# [What to do]
Repeat the listing verbatim. Drop any pictures.

# [Dataset excerpt]

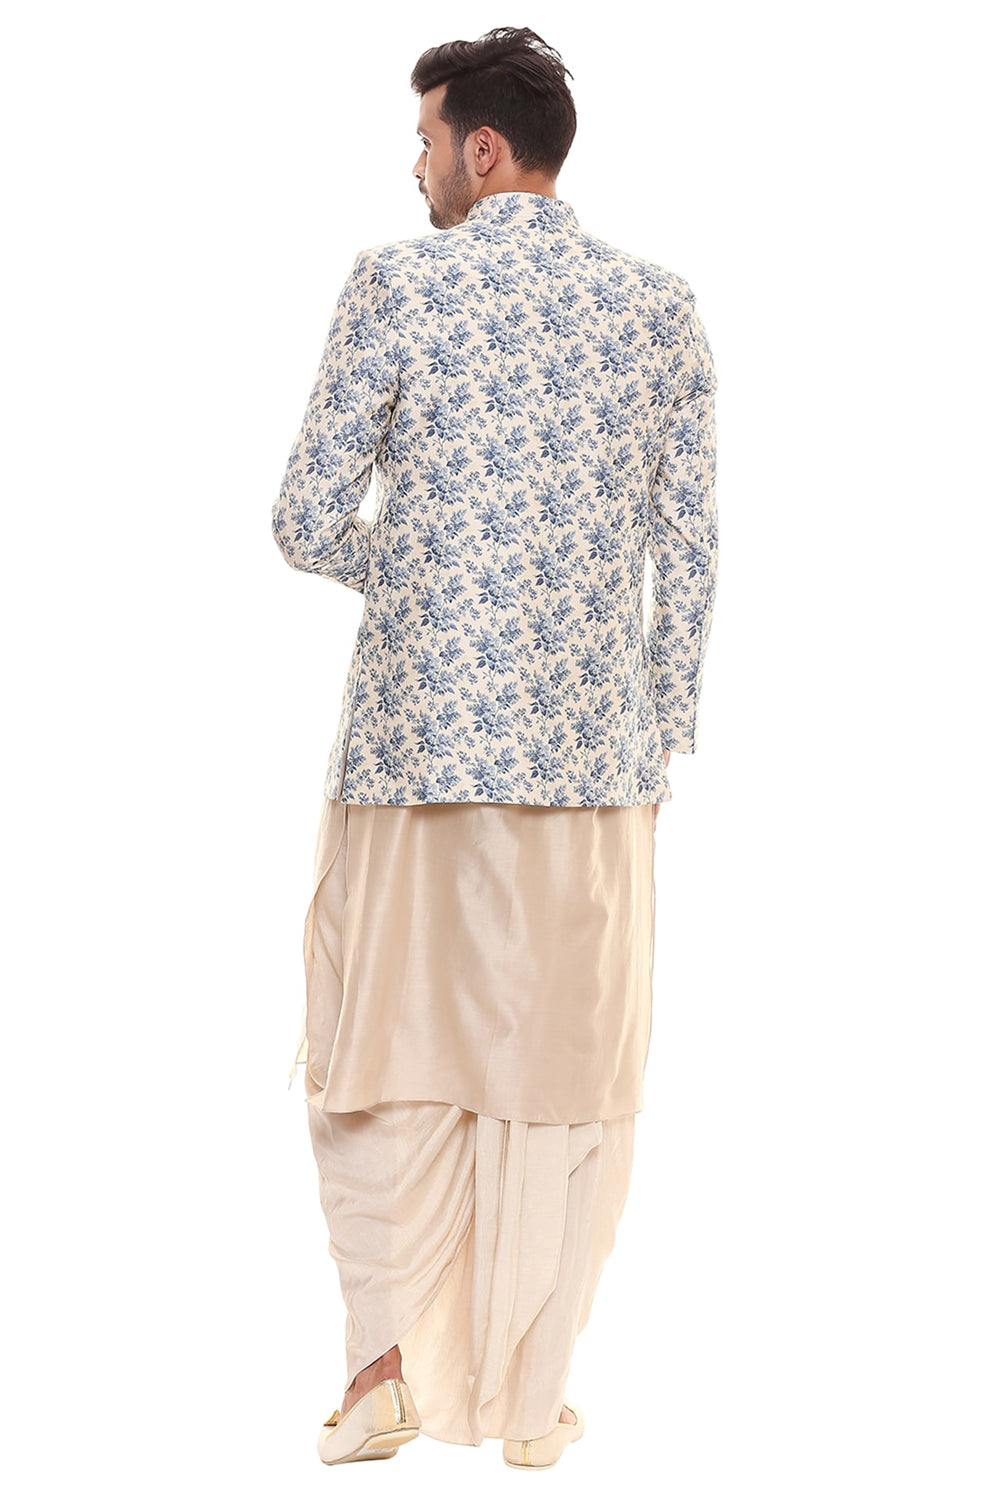 Offwhite Collared Kurta With Dhoti Pants Paired With Applique Floral Jacket
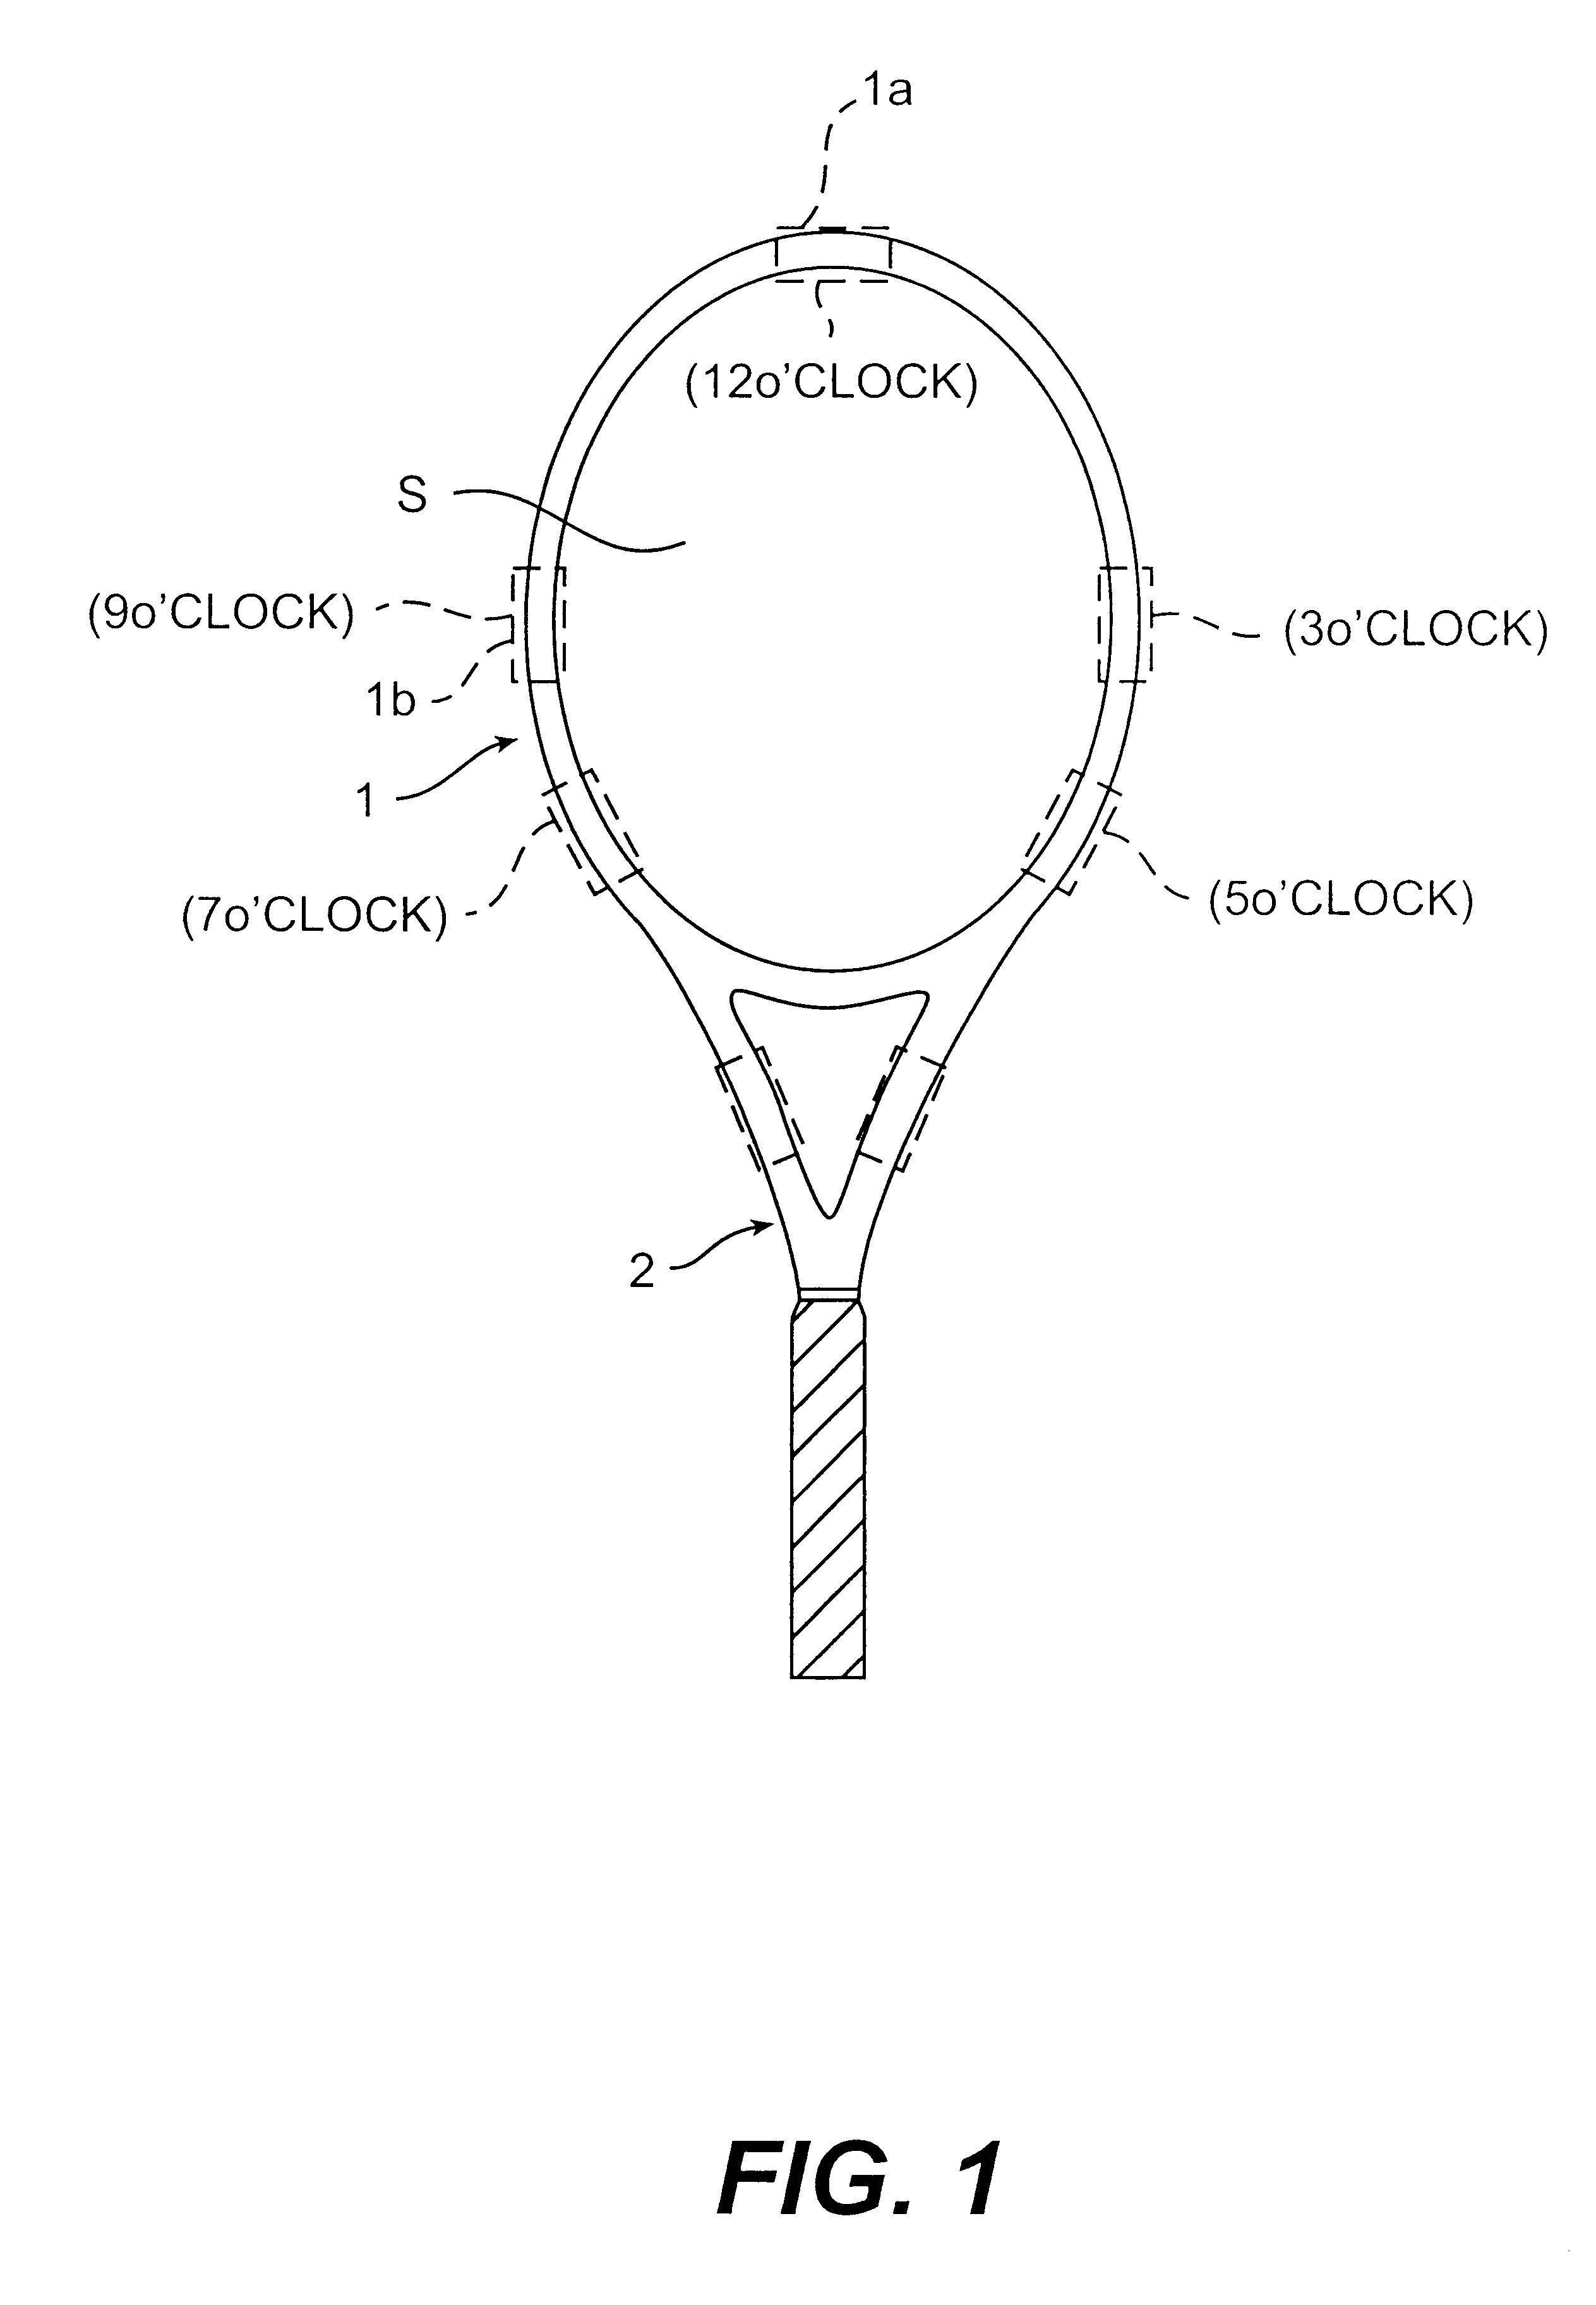 Tennis racket with vibration damping member
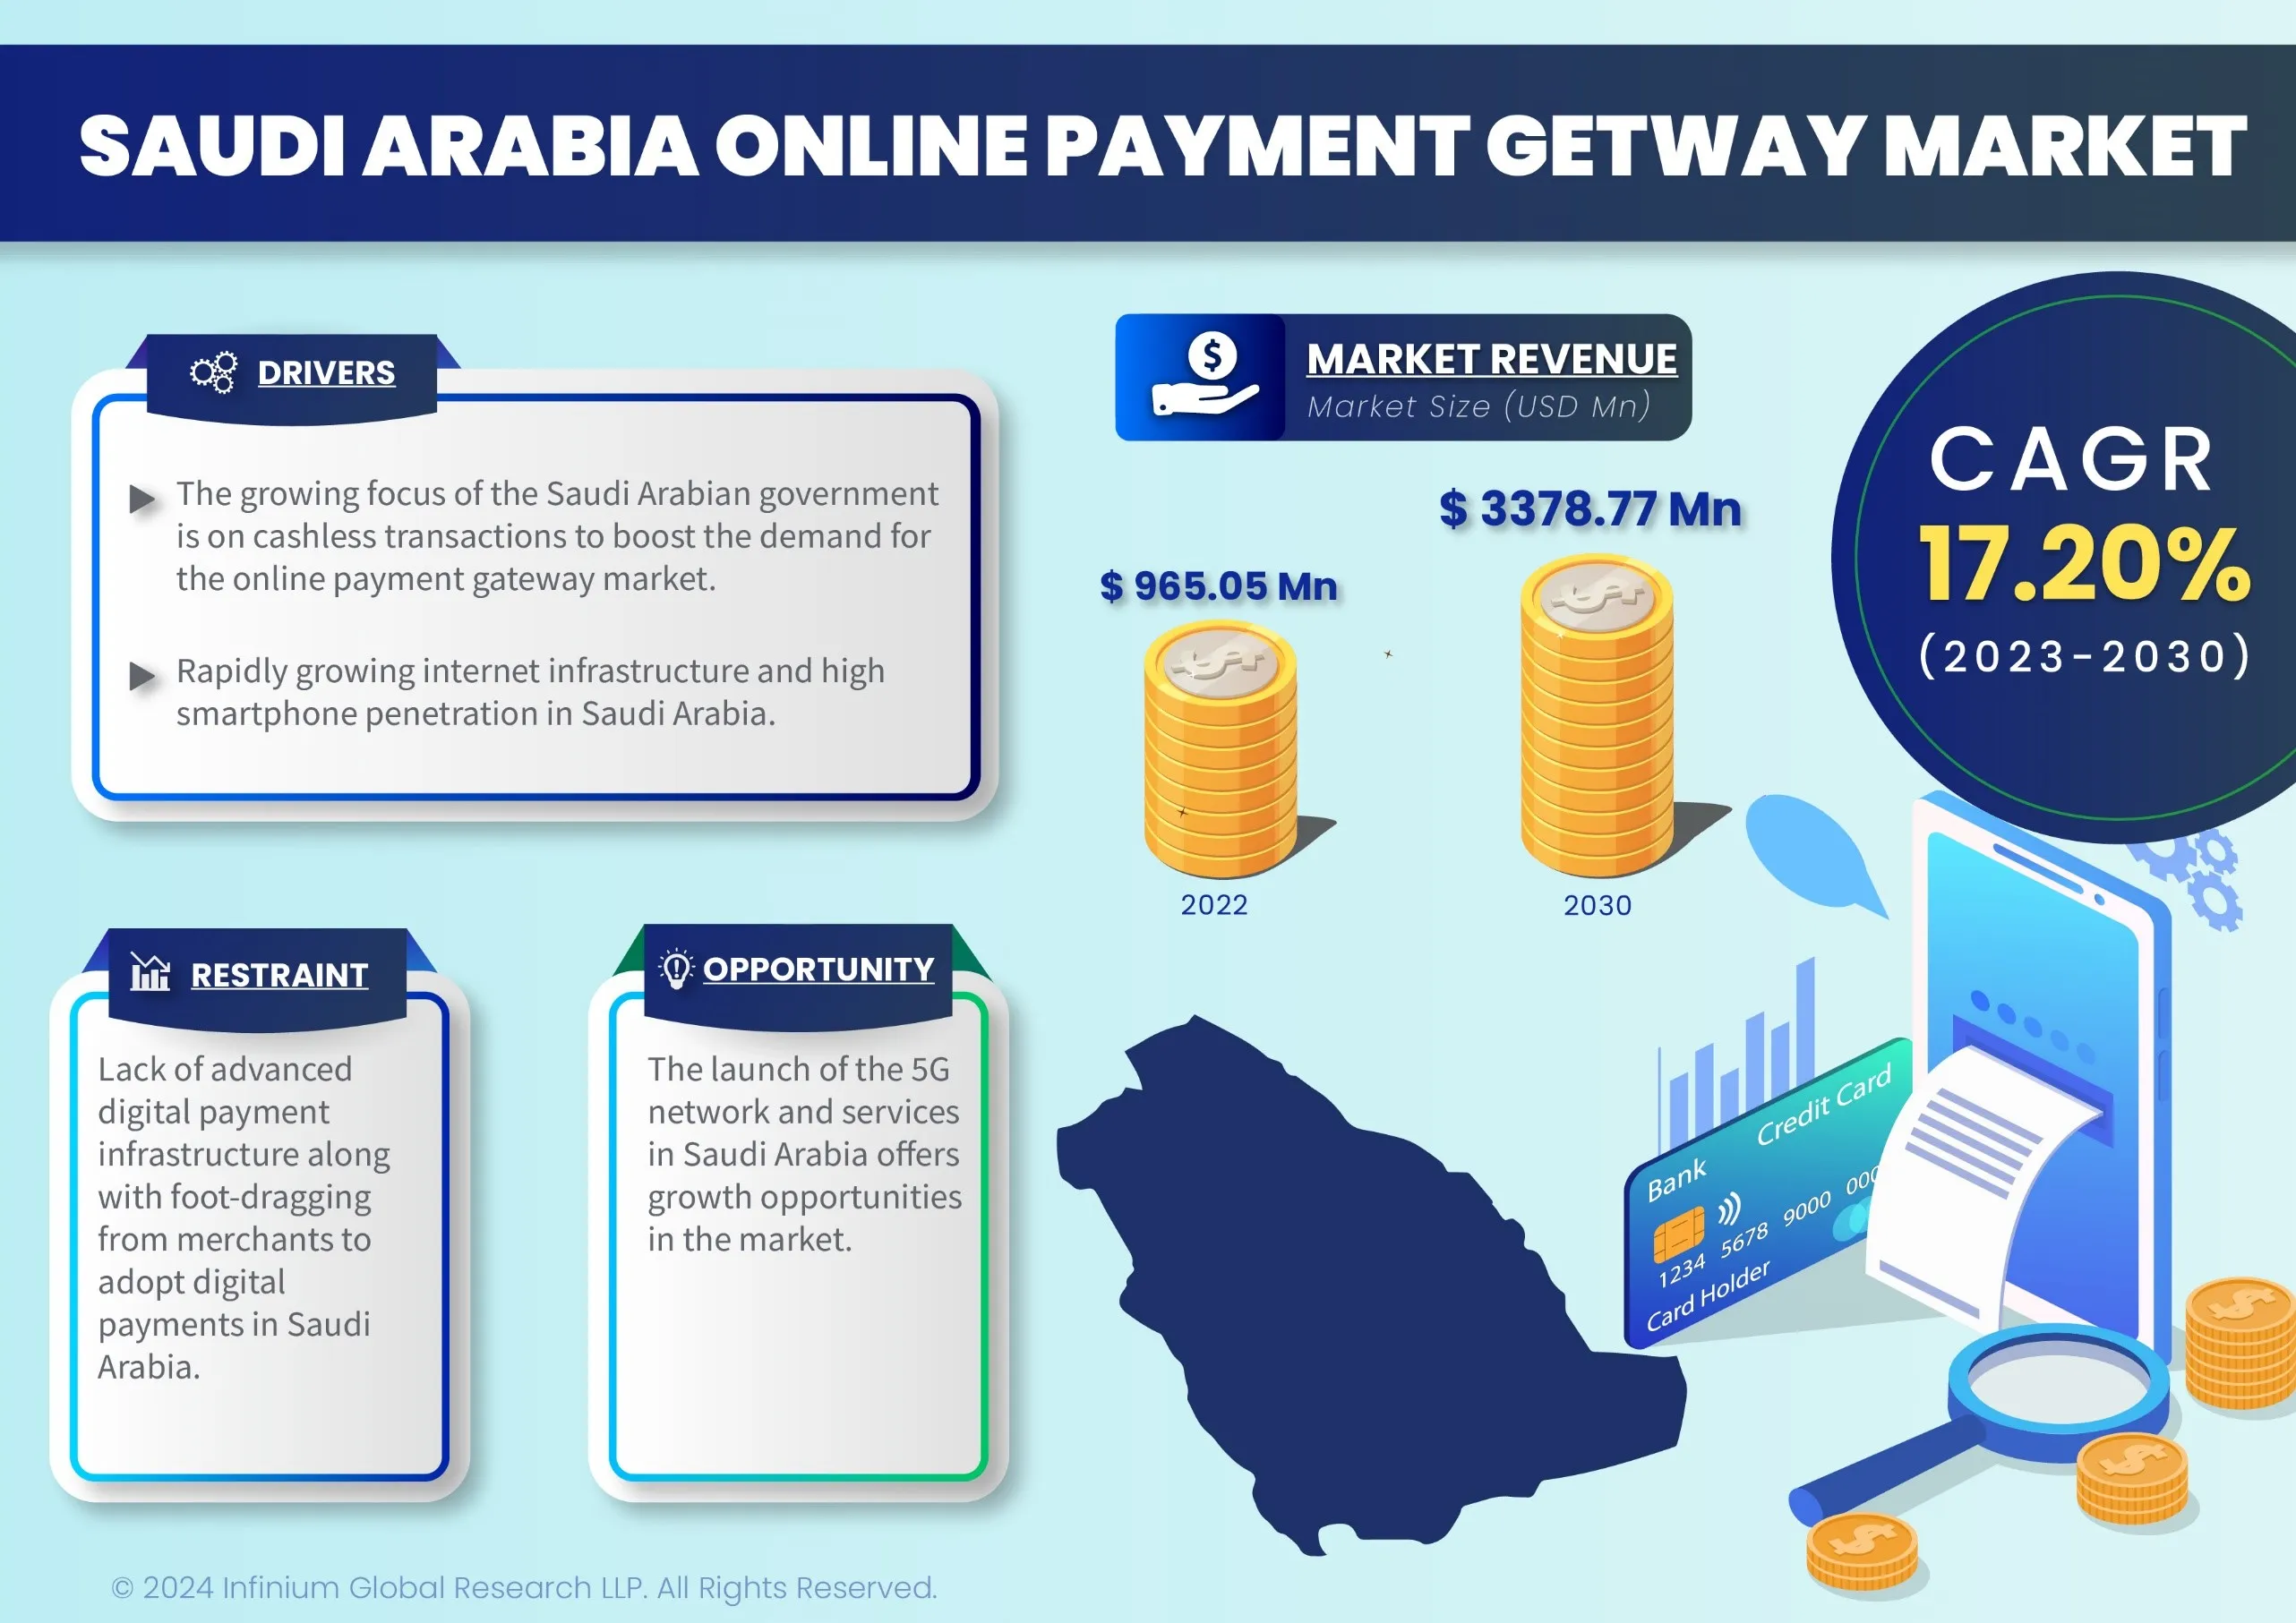 Infograph - Saudi Arabia Online Payment Gateway Market was Valued at USD 965.05 Million in 2022 and

# [Exercise output]
 Offwhite Collared Kurta With Dhoti Pants Paired With Applique Floral Jacket
 Tennis racket with vibration damping member
 Infograph - Saudi Arabia Online Payment Gateway Market was Valued at USD 965.05 Million in 2022 and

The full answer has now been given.